**What is needed**: Your copy should start at the line with "Купить кухню дизайн." and end at the line with "Brinquedos educativos para" in the data below. Transcribe only those lines, exactly, pictures excluded.

**Data**:

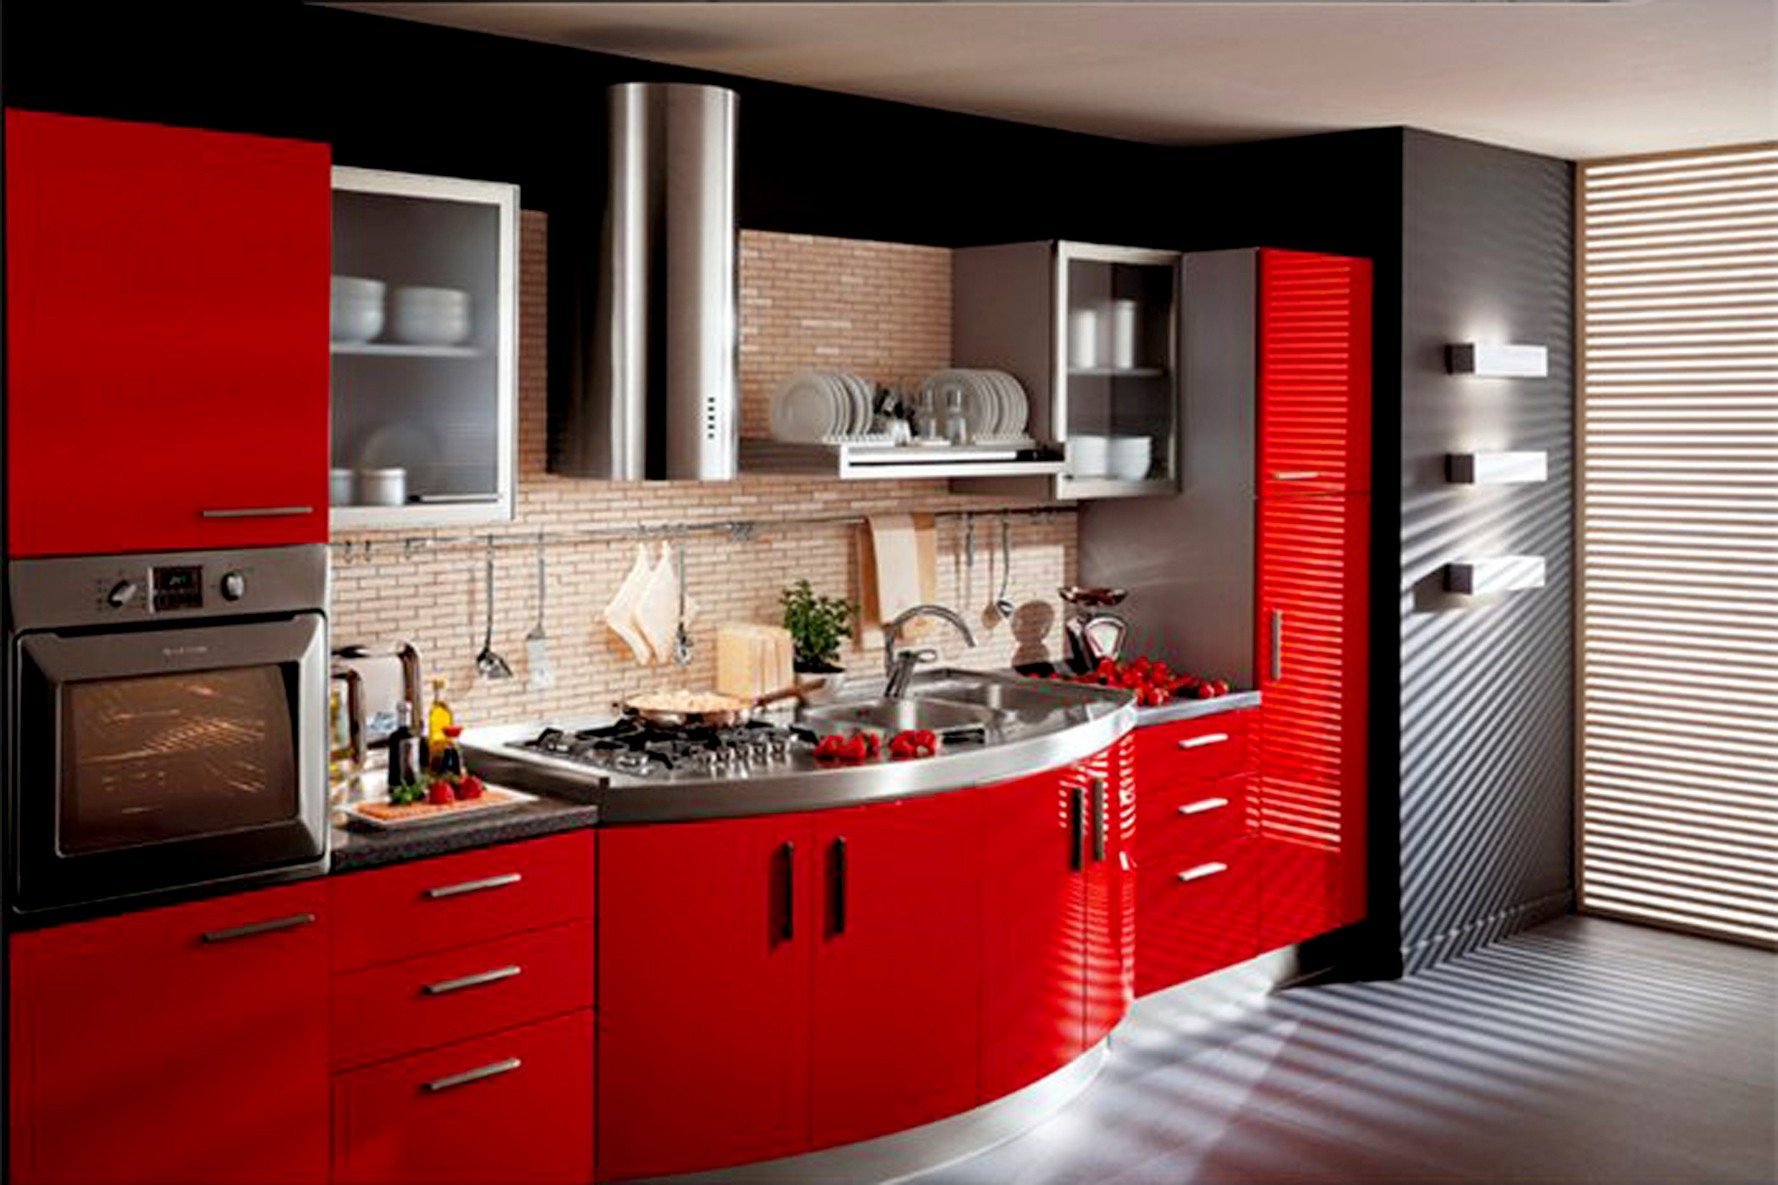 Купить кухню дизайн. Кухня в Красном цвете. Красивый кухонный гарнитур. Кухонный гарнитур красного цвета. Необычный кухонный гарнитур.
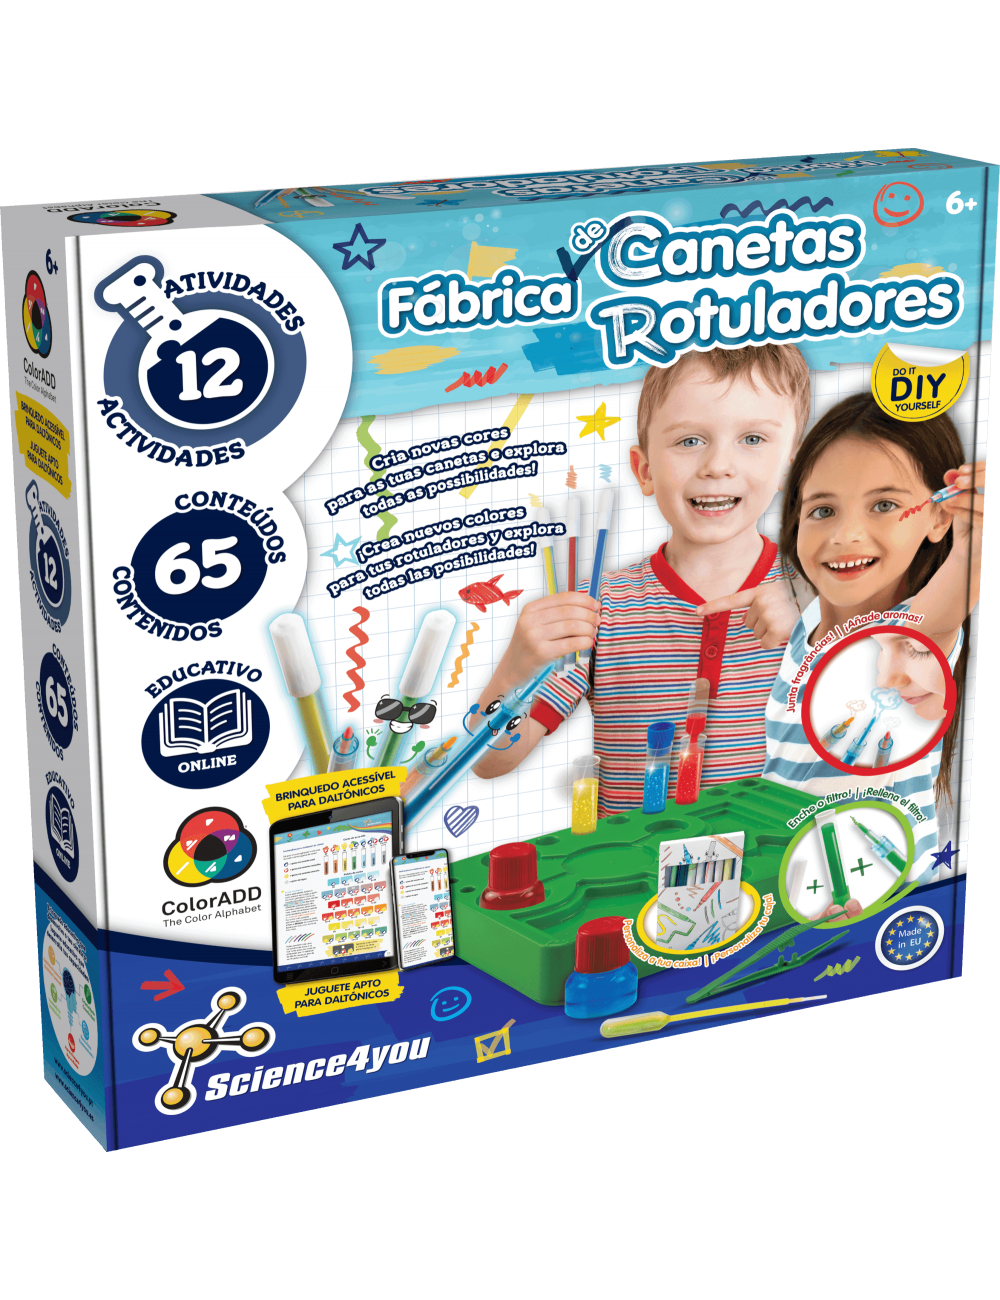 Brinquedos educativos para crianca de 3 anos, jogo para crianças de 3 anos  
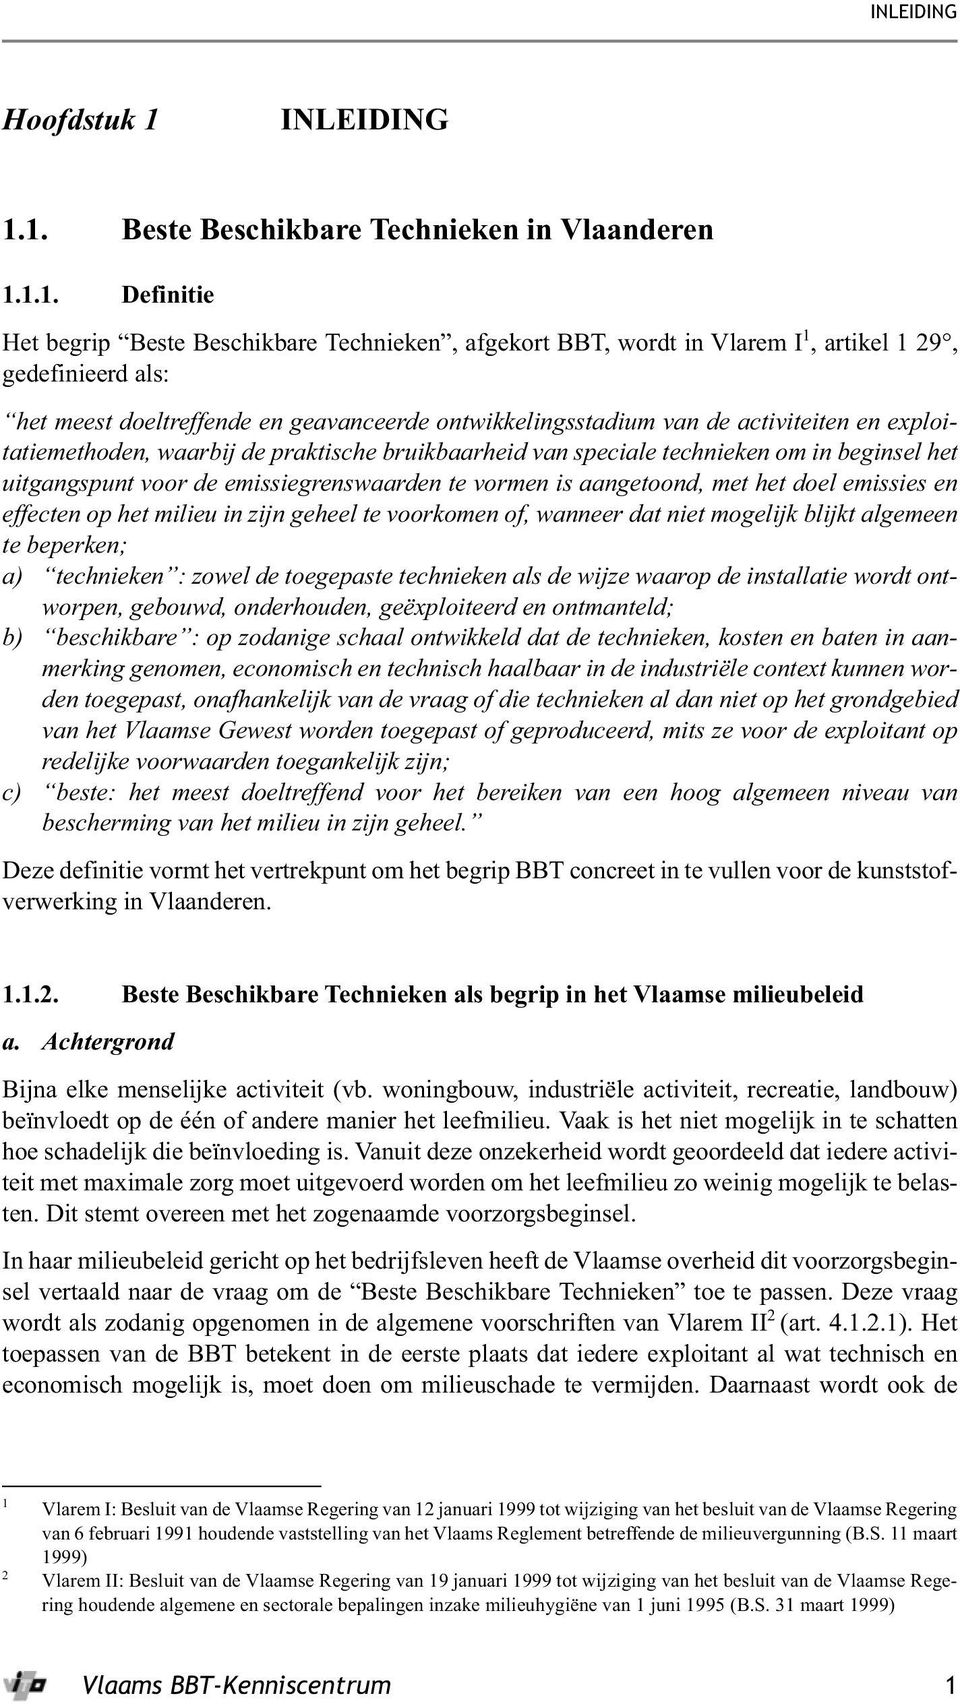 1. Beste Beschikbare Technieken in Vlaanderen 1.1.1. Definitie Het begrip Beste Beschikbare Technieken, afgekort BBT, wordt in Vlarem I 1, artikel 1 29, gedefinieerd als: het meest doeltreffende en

---

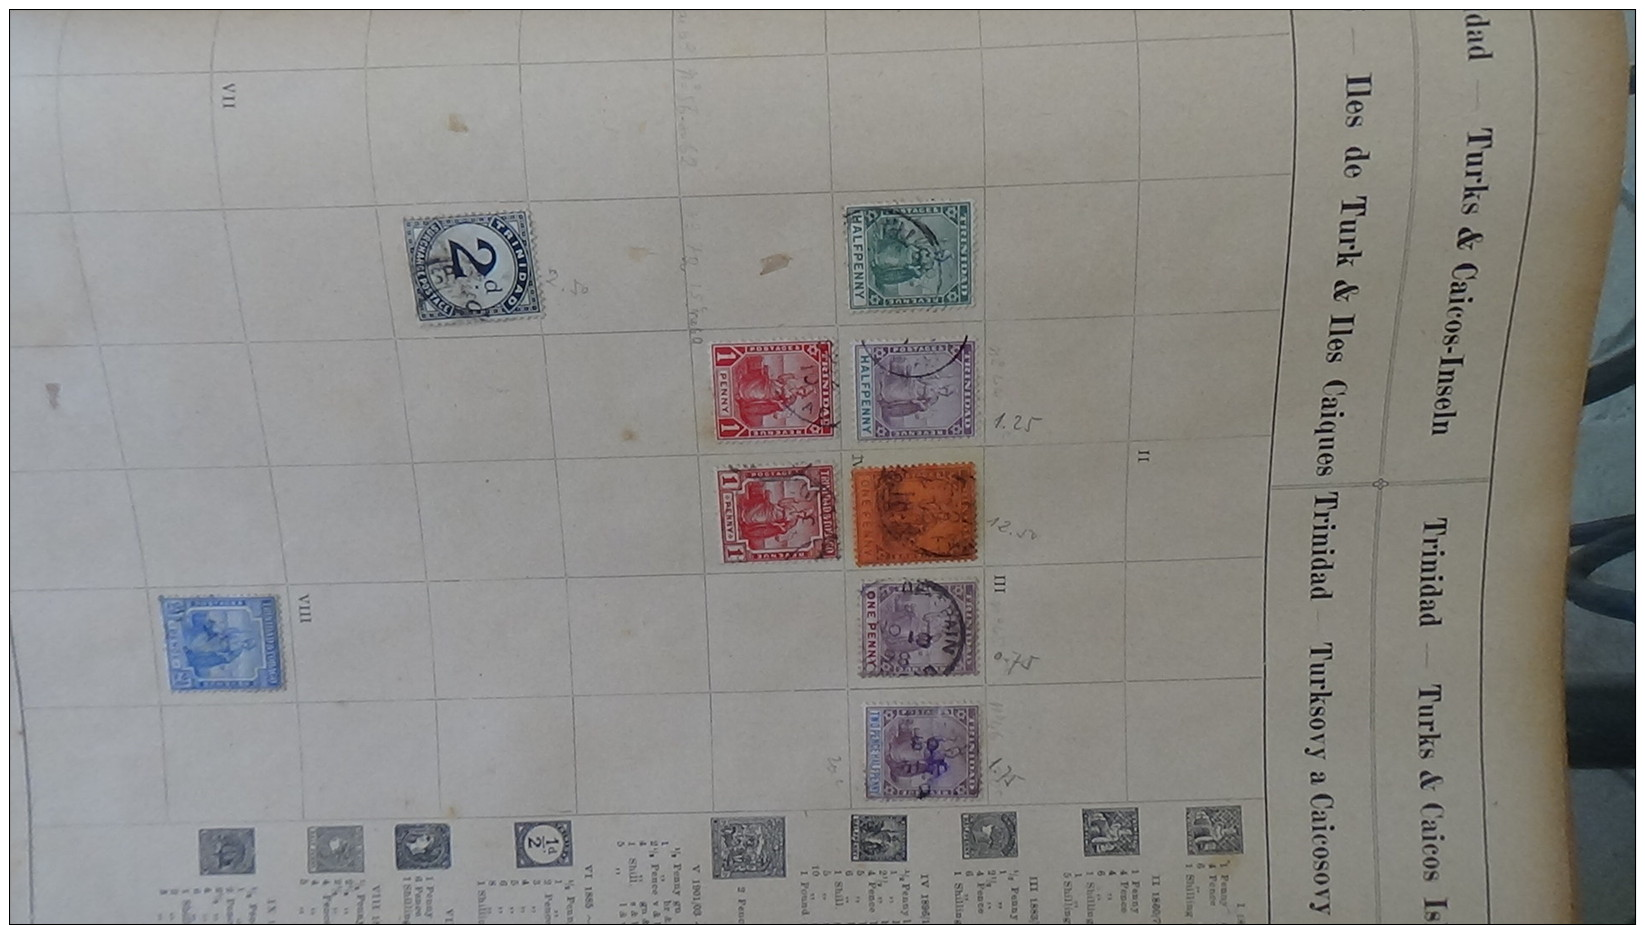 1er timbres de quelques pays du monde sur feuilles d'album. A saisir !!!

**Answer to the problem**:
 Купить кухню дизайн. Кухня в Красном цвете. Красивый кухонный гарнитур. Кухонный гарнитур красного цвета. Необычный кухонный гарнитур.
 Brinquedos educativos para crianca de 3 anos, jogo para crianças de 3 anos  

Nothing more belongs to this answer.